FIG. 3 is an IR chart of a product obtained in Example 10.

Claims (5)

[Claims] 1. A general _{formula: CH 2 = CFCF 2 O- (} CF 2 O) x - (CF 2 CF 2 O) y - (CX 1 2 CF 2 CF 2 O) z - (CFX 2
CF ₂ O) _w -CFX ³ -CN (wherein X ¹ is a hydrogen atom, a fluorine atom or a chlorine atom, X ² is a hydrogen atom, a chlorine atom, a methyl group or a trifluoromethyl group, X ³ is a hydrogen atom, Represents a fluorine atom, a chlorine atom or a trifluoromethyl group, x, y, z and w each independently represent a number of 0 to 20, provided that
The sum of x, y, z and w does not exceed 20. ) A fluorine-containing nitrile represented by the formula: 2. CH ₂ ＣＦCFCF ₂ O—CF (CF ₃ ) —C
_{N, CH 2 = CFCF 2 O} -CF (CF 3) CF 2 0-CF (C
F ₃₎ -CN or _{CH 2 = CFCF 2 O- [CF} (CF 3) CF 2 0] 2 -CF (C
F ₃₎ a fluorine-containing nitrile according to claim 1 is -CN. 3. A compound of the general formula: (Wherein, Rf is the formula _{:-( CF 2 O) x - (} CF 2 CF 2 O) y - (CX 1 2 CF 2 CF
₂ O) _z- (CFX ² CF ₂ O) _w -CFX ^3- (where X ¹ X ² X ³ xyz and w are as defined above). A) a fluorine-containing polyfunctional triazine compound represented by the formula: 4. The molecular weight is from 1,000 to 1,000,000.
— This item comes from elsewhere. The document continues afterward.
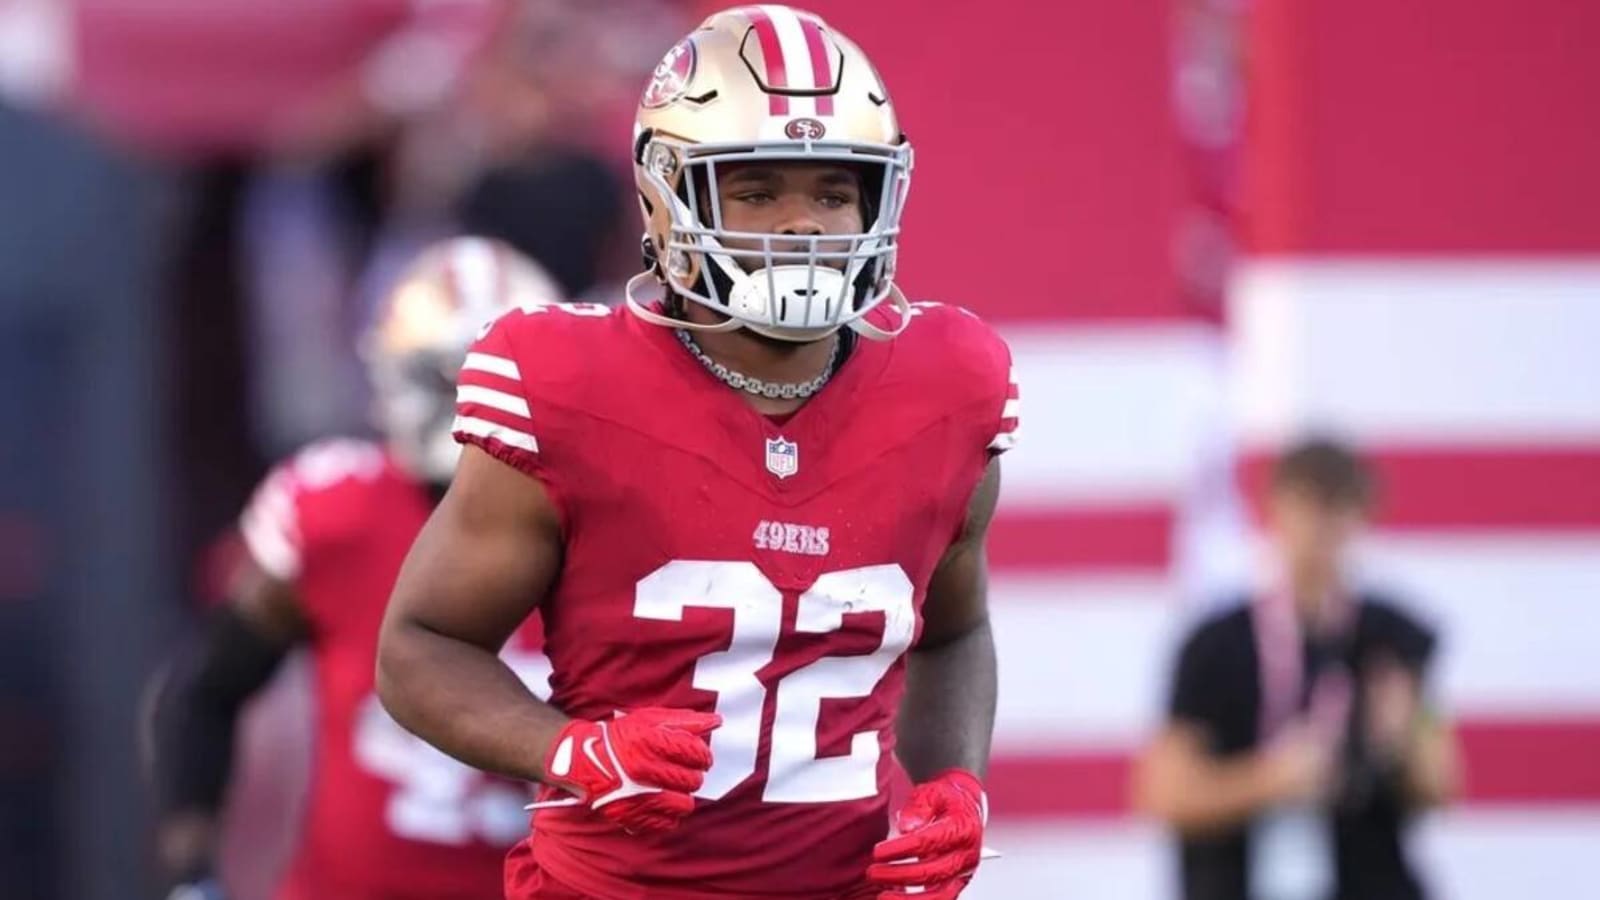 Eagles add running back depth, sign former 49ers third-round pick

The fluorinated nitrile polymer according to claim 1, wherein 5. A compound having a molecular weight of 1,000 to 1,000,000.
The copolymer of fluorinated nitrile and another copolymerizable monomer according to claim 1 or 2, wherein the content of fluorinated nitrile is 0.1 to 99 mol%.